When asked whether he has “any contact at all” with President Trump, Mr. McConnell did not give a straight reply. Instead, he said, “I’ve got my hands full dealing with the Senate.”

The Senator only publicly endorsed President Trump as the GOP presidential nominee last month after the former president swept all but one of the races during Super Tuesday.

“It is abundantly clear that former President Trump has earned the requisite support of Republican voters to be our nominee for President of the United States … It should come as no surprise that as nominee, he will have my support,” Mr. Connell said during his endorsement.

Mr. McConnell’s exit from the GOP leadership position comes after multiple health incidents last year. In March 2023, he was hospitalized after falling from a hotel in Washington. He also froze up in front of reporters in two separate incidents.
Several other lawmakers will be retiring or seeking other posts, thus not running for reelection in the 2024 race.

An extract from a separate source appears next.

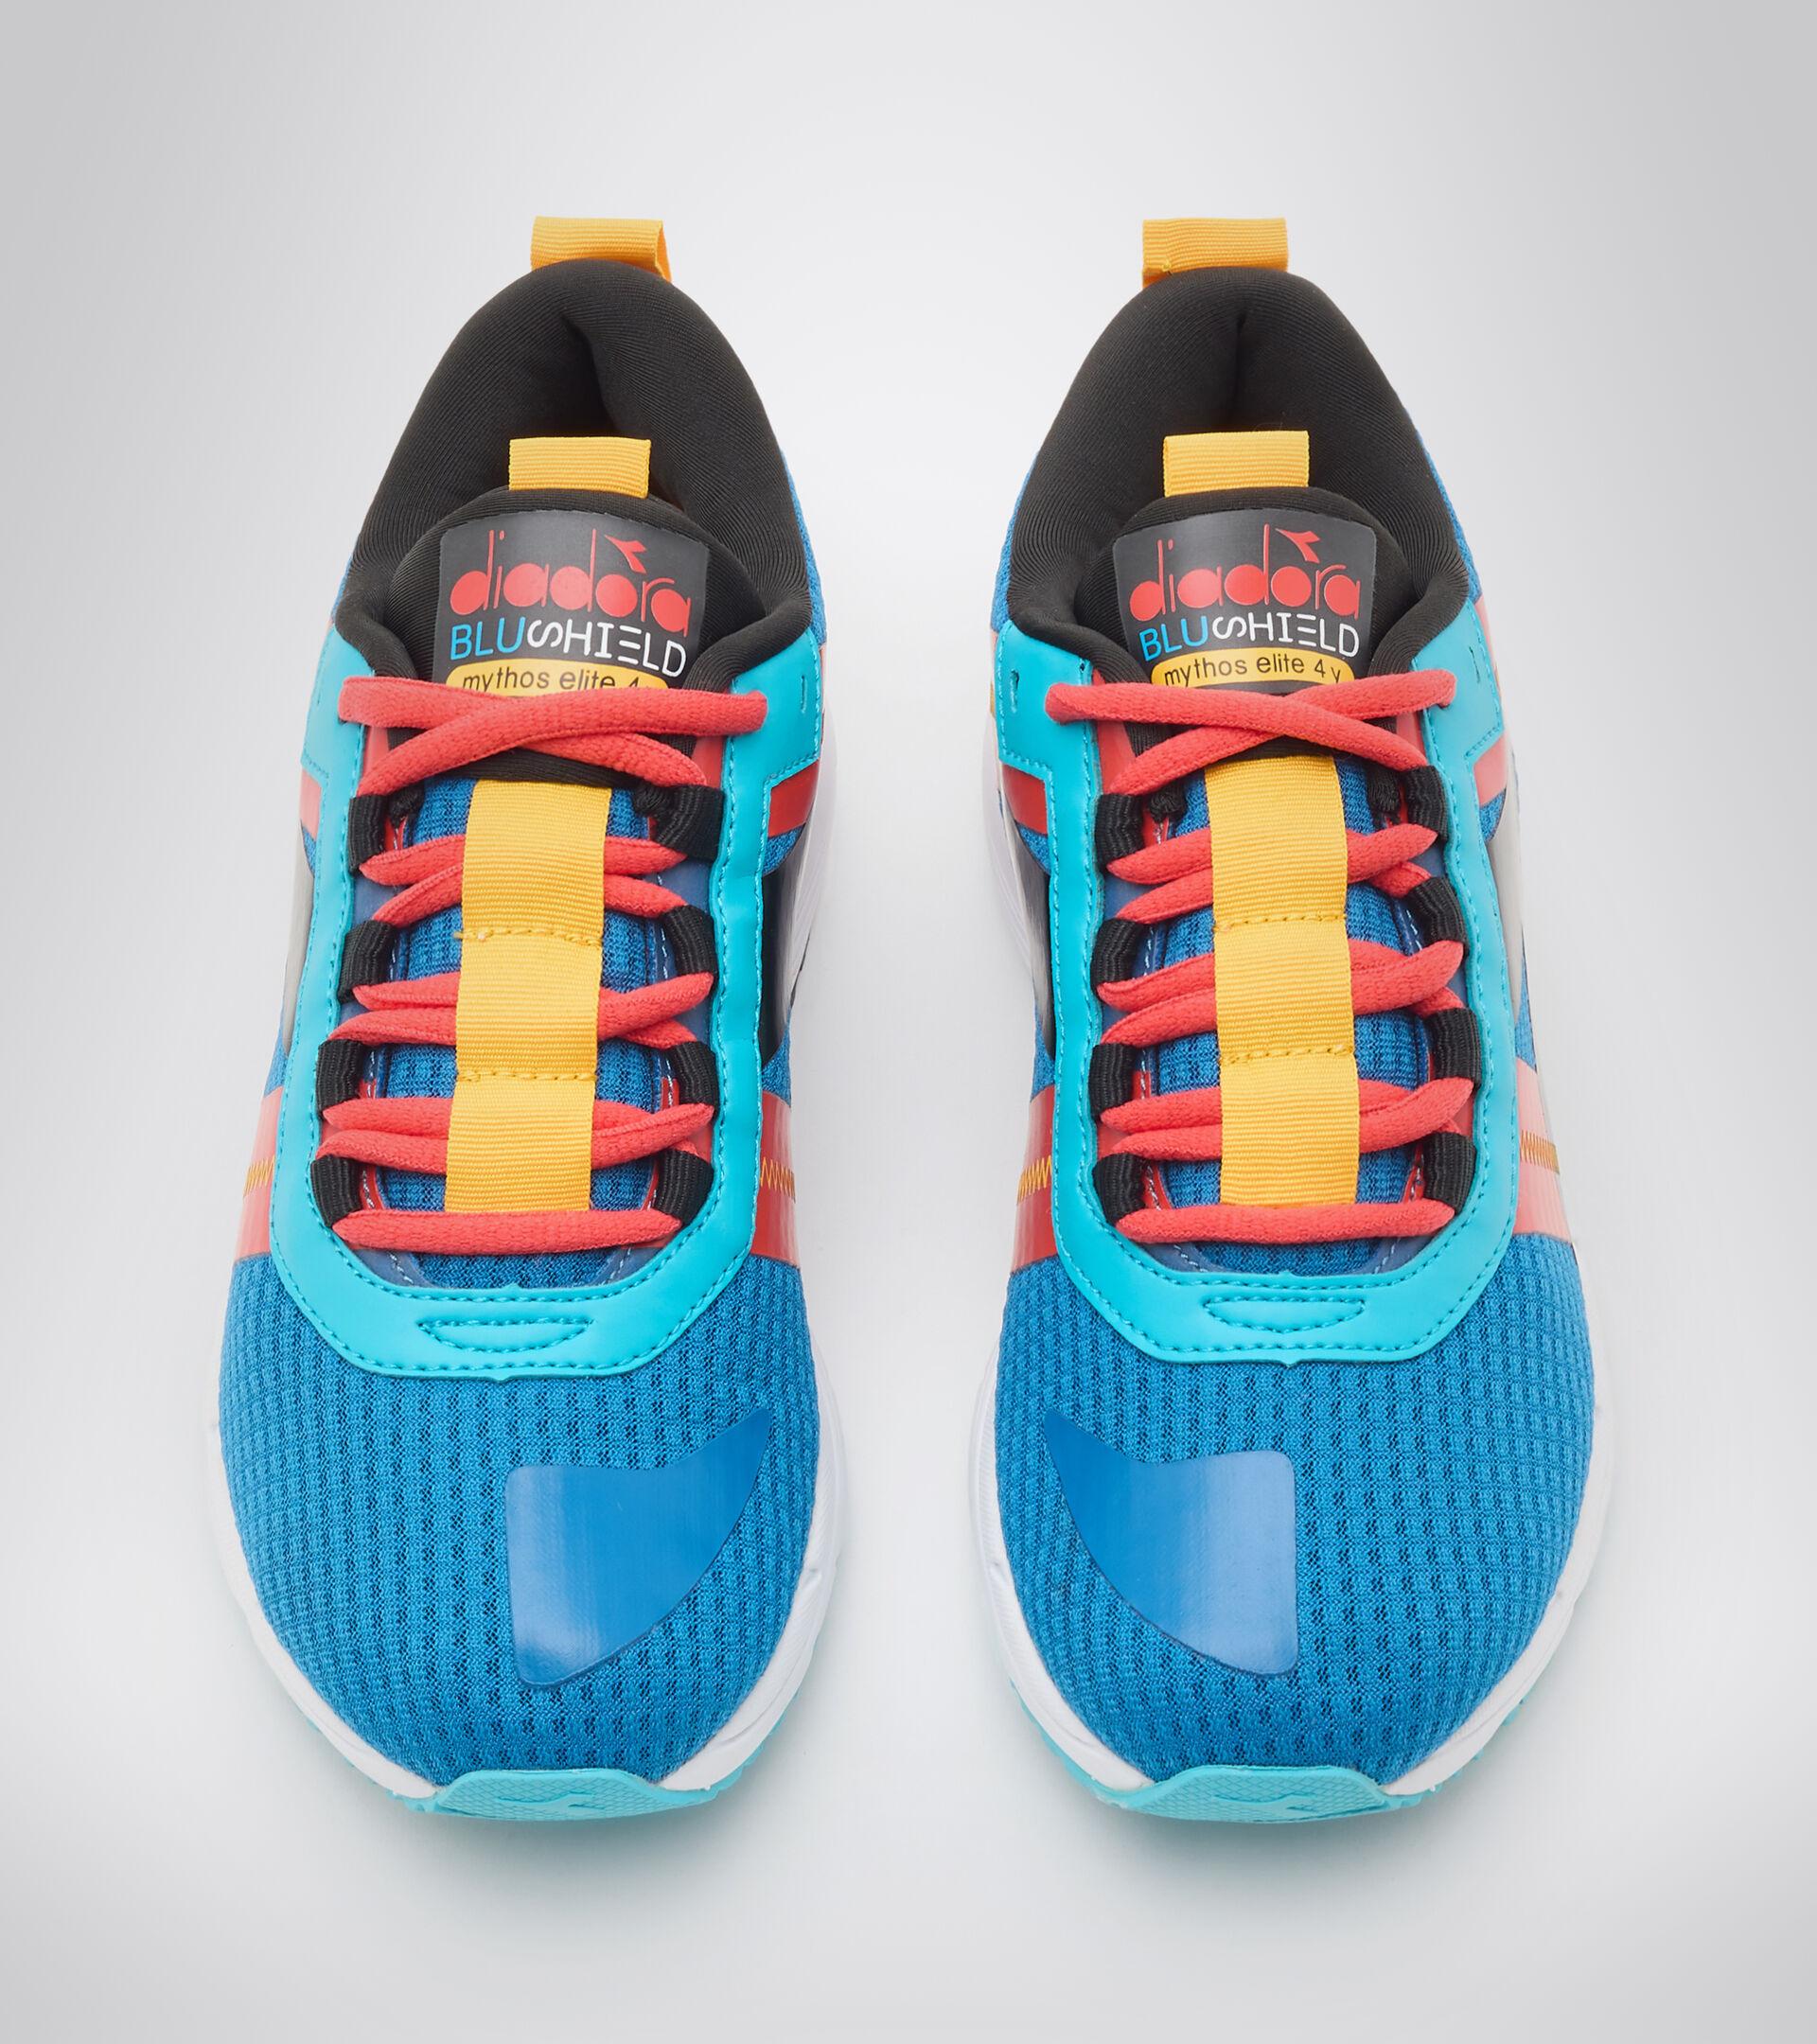 Footwear Sport BAMBINO MYTHOS BLUSHIELD ELITE 4 Y BLU MYKONOS/NERO/ROSSO FIESTA Diadora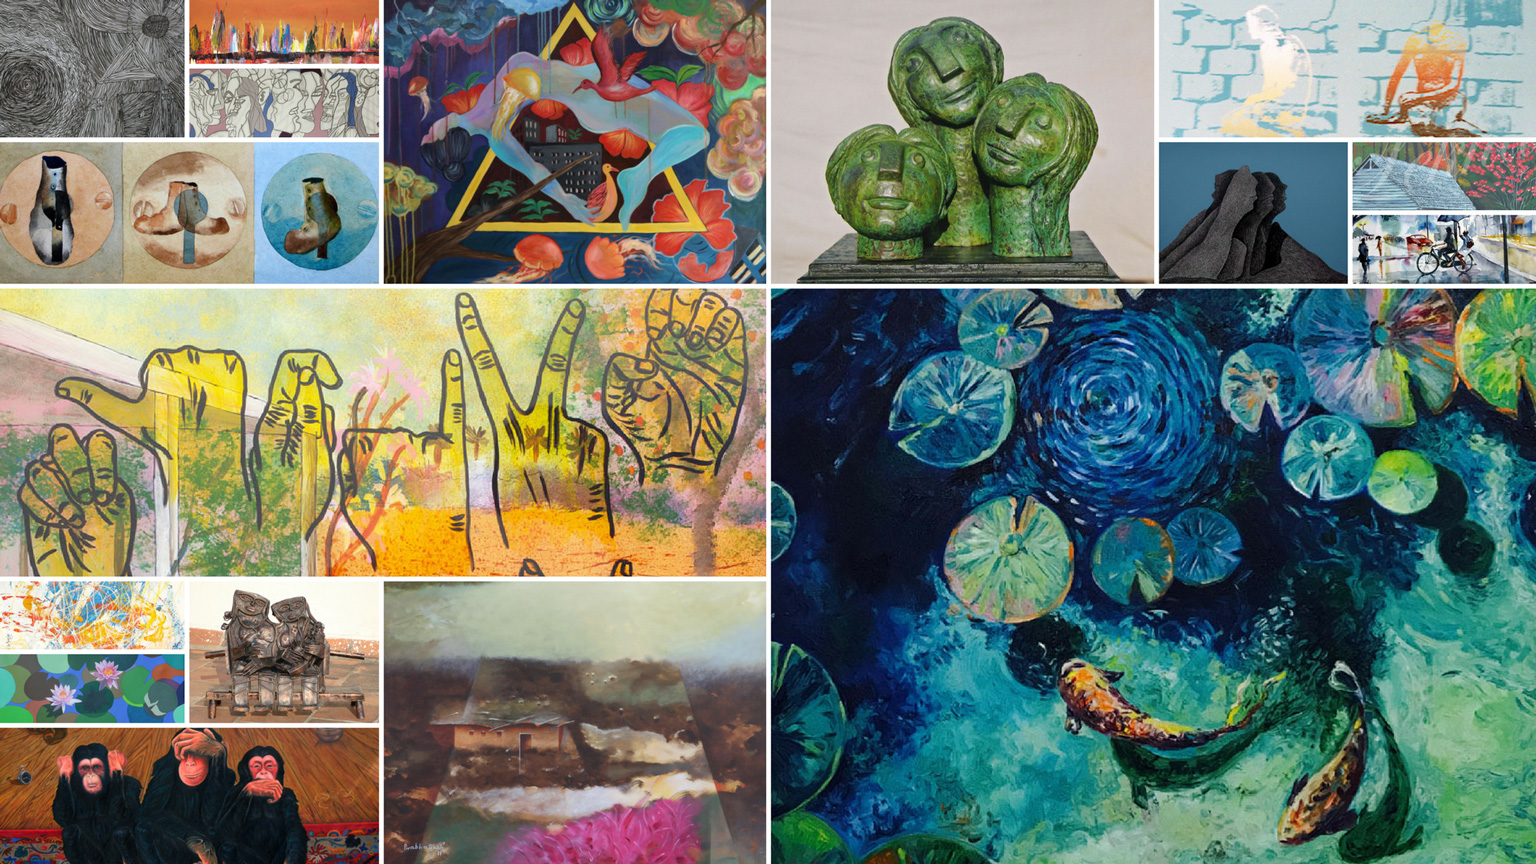 Collage of NJA artworks

By late November, 26 lawmakers had announced such plans, out of which 19 were House Representatives while the remaining seven were senators.

Lawmakers planning to retire include Reps. Bill Johnson (R-Ohio), Tony Cardenas (D-Calif.), Brad Wenstrup (R-Ohio), John Sarbanes (D-Md.), as well as Sens. Joe Manchin (D-W.Va.), Mike Braun (R-Ind.), and Mitt Romney (R-Utah).

An analysis by FiscalNote, a policy intelligence firm, shows that the average age of members of the current 118th Congress is 58 years, three years younger than the previous Congress. Senate members average 64 years old, while those in the House of Representatives average 57.